I feel finally inspired to write something down after an informed but friendly debate held by Unbelievable on Christian Premier Radio on the legitimacy of the moral argument - or at least a certain form of it. You can listen to the episode
here, and watch Craig's fun animated video presentation of it
here. I'm not convinced by either Cranman or Craig's versions. I do agree, however, absolutely that discussing premise 2 first makes more sense.
It seemed to me that there was at least one more voice that needed to be heard, that of Christian - and why not, atheist - evolutionists and also a specialist in anthropology and sociology wouldn't have gone amiss either! I guess I'm aiming a bit high asking for a whole panel, but yet it is an important topic, so why not state the ideal conditions? :)
The keyword for my own response and argument is going to be "cluster". I think it can and should be argued that there is a phenomenon of clustering that takes place with regard to moral behaviour choices.
So we can observe that most people believe that it is "wrong" to kill but also, sadly, that war is sometimes necessary and will almost certainly involve killing. In the same way, a police officer might have to kill a crazed gunman. Even though killing is wrong, there is some kind of justifying principle at work: the greater good (or the least harm). I note how this word "greater" operates. It presupposes that degrees of goodness and wrong can be identified in order to make the moral decision possible and indeed to make the moral decision itself.
Here is a question that made an alternative argument seem necessary for Christians (like myself, who don't think you can easily get to the Christian God by apologetic argumentation) to have another way into the debate: Can a theist imagine a functional intelligent society in which individuals, groups and the species as a whole could thrive without "God"? What would the minimum contents be of that God?
It's difficult to imagine, but this may depend on our definitions of God.
We accept that consciousness is a spectrum. Awareness varies according to the complexity of the life-form, and even self-awareness in humans can vary from non-existence to heightened (and back again, e.g. in a fit of rage). The moral code that says don't harm my own species is necessarily built into every species for it to advance.
Could we imagine a mass-mutation of a species away from that moral law? Yes! Unfortunately, it would also involve the self-destruction of the species.
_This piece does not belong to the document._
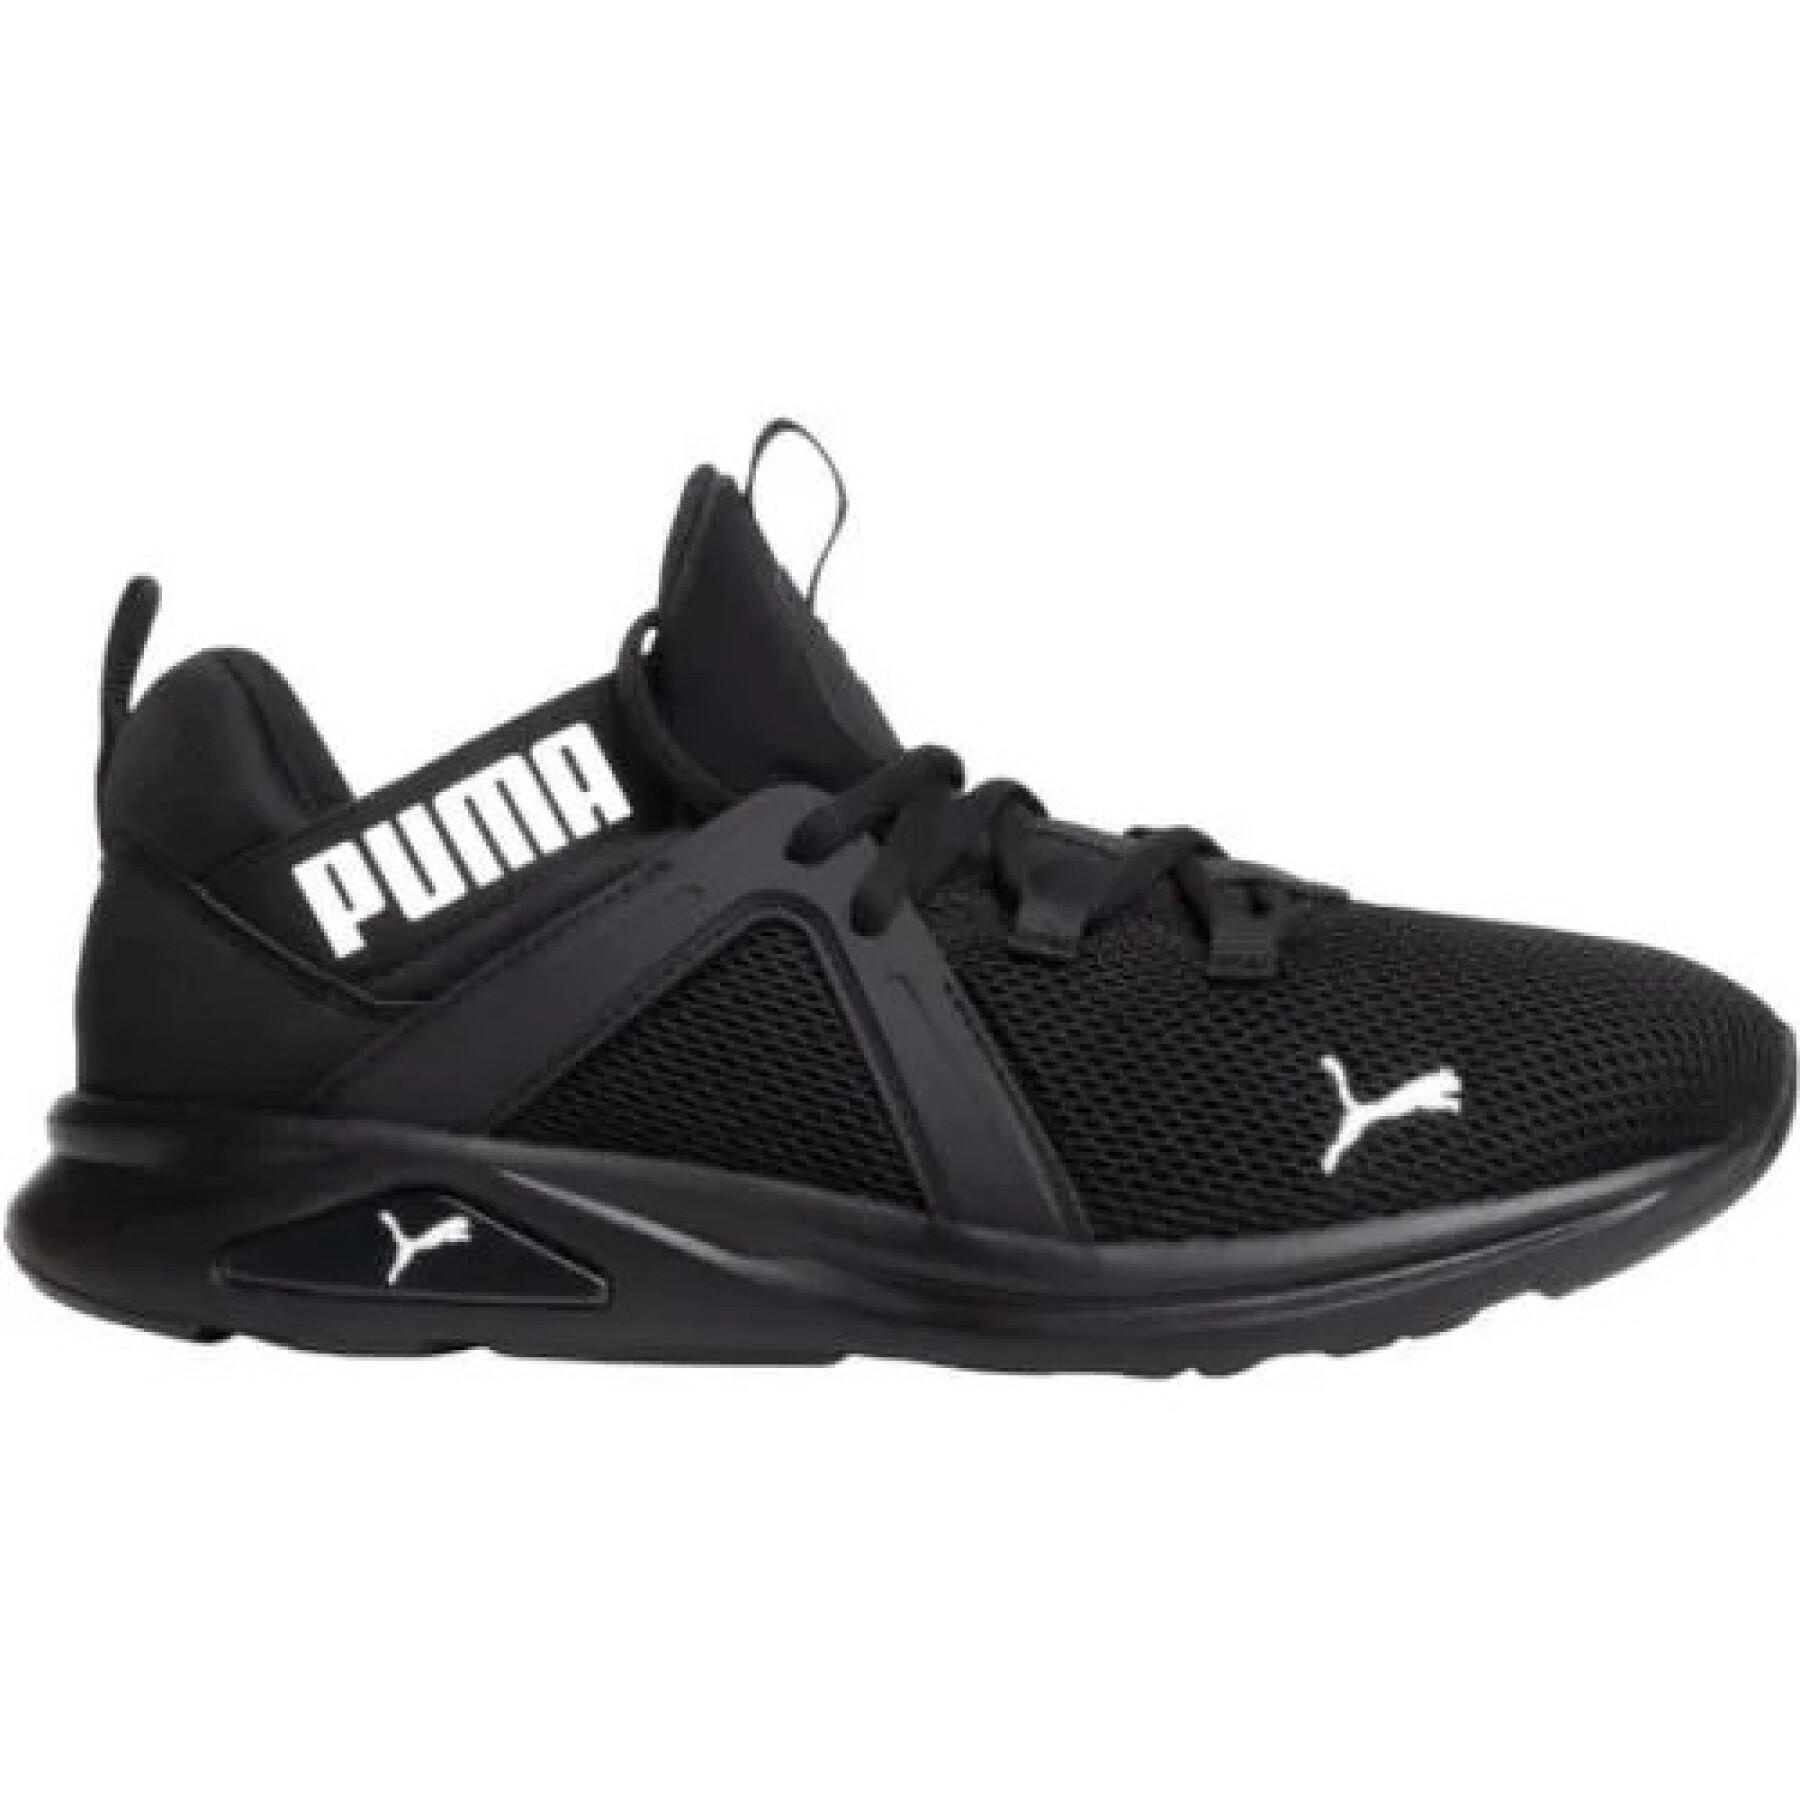 Schuhe Puma Enzo 2

As the species that is human, our accumulated knowledge continues to increase and our legal systems inevitably complexify in accordance with that knowledge, and the clustering process continues in new moral scenarios either hitherto unforeseen (e.g. medical ethics) or better understood (e.g. LGBQT).
So it is probably pretty clear that I find the presentation of John Cranman's (and WL Craig's) moral argument untenable in its current format. But I also don't think it shouldn't be abandoned altogether either, despite my previous doubts. It is simply that some tighter and also some looser definitions must be properly integrated. I also think it is useful to break the argumentation into two halves, as I have attempted below, to cater for intelligent and less intelligent species.
Here we go:
1. For a species to thrive at any level of intelligence requires ingrained knowledge of the behavioural norms necessary for the survival of any given individual's offspring, of the individual itself and of the individual's group.
2. Human beings are a species.
3. For humans to thrive requires their ingrained knowledge of the behavioural norms necessary for the survival of their offspring, themselves and of their group.
4. Such ingrained knowledge in humans can be aptly described as moral values and duties.
5. Although not strictly universal, moral values and duties can be observed to cluster around certain norms that transcend a given human social group.
6. That which transcends can be aptly described by an observer from within that species as equivalent to objective reality.
7. Moral values and duties are at least equivalent to an objective reality.
And so, at last, we arrive, as in the podcast episode, at the second premise first. Note that thus far an appeal to God has not seemed to be necessary for the flow of this argument.
H O W E V E R
8. Moral decisions can be complex, such as those involving conflicting moral values, and in such cases require more knowledge about likely outcomes in order to imagine and assess the "greater good" (or benefit) and the "greater harm".
9. Such an increased need of knowledge vastly exceeds the speed at which humans can evolve, and may even require total knowledge, letting us then assert such decisions require perfect knowledge on the part of the moral navigator in order to be made safely.
10. Only "God" has perfect knowledge (be he real or imagined).
11. Therefore God or an unrealised ideal knowledge is necessarily sought for complex moral choices to truly enhance the human race.
12. The Christian God is a perfectly legitimate solution to complex moral problems.
13. Non-theistic models of improving knowledge are also perfectly legitimate solutions to making better complex moral choices.
On the basis of the moral argument alone, we cannot state which offers the best explanation.